> **Supplied information**:

● ● ● ● ● ● ●

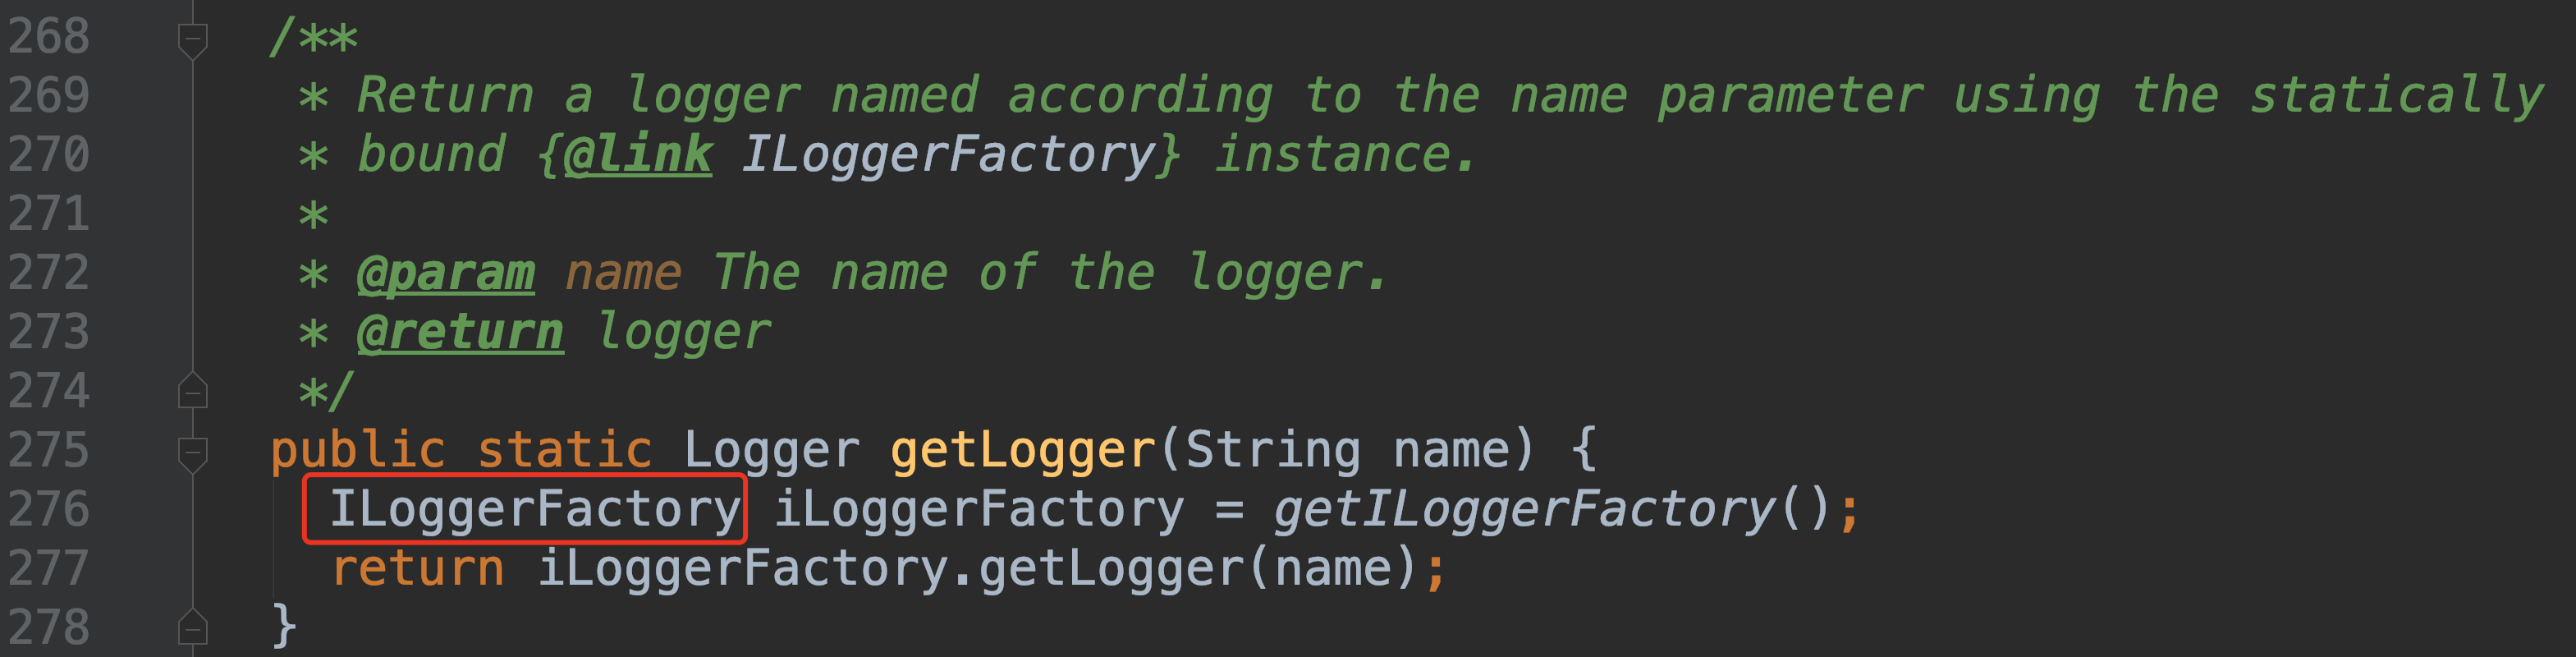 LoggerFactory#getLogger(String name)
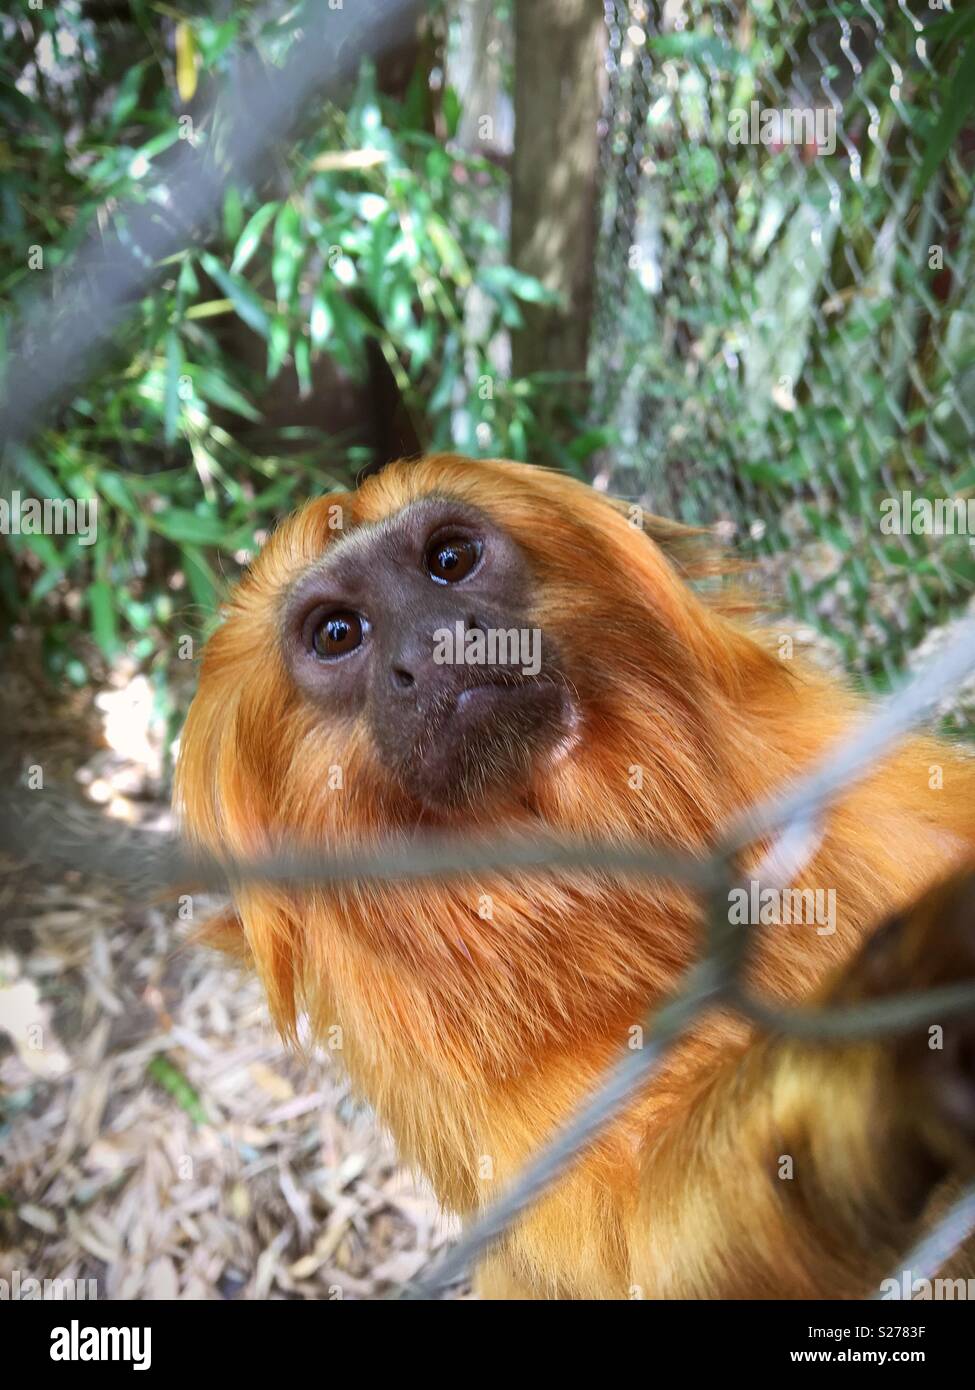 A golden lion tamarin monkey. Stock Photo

● ● ● ● ● ● ●

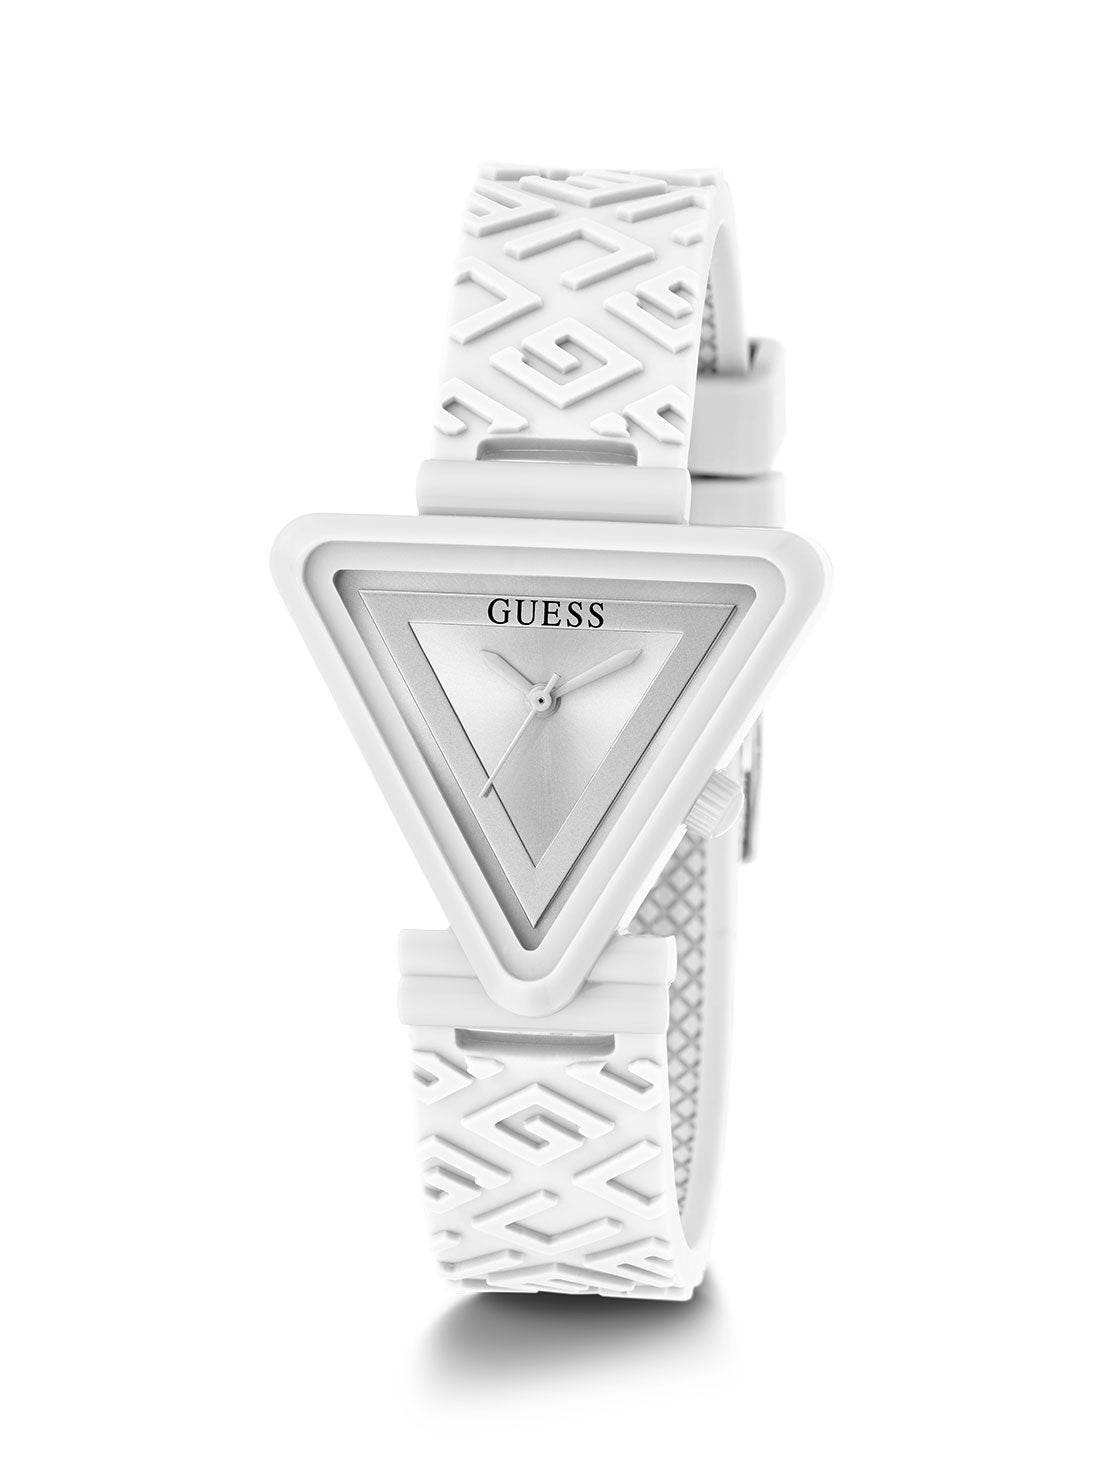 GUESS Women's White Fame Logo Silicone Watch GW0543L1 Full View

● ● ● ● ● ● ●

> **Your objective**:
Exactly the lines above, from the one containing "LoggerFactory#getLogger(String name)" down to the one containing "A golden lion tamarin monkey. Stock Photo", are to be repeated, including both ends. Pictures are not part of the copy.

> **Response area**:
 LoggerFactory#getLogger(String name)
 A golden lion tamarin monkey. Stock Photo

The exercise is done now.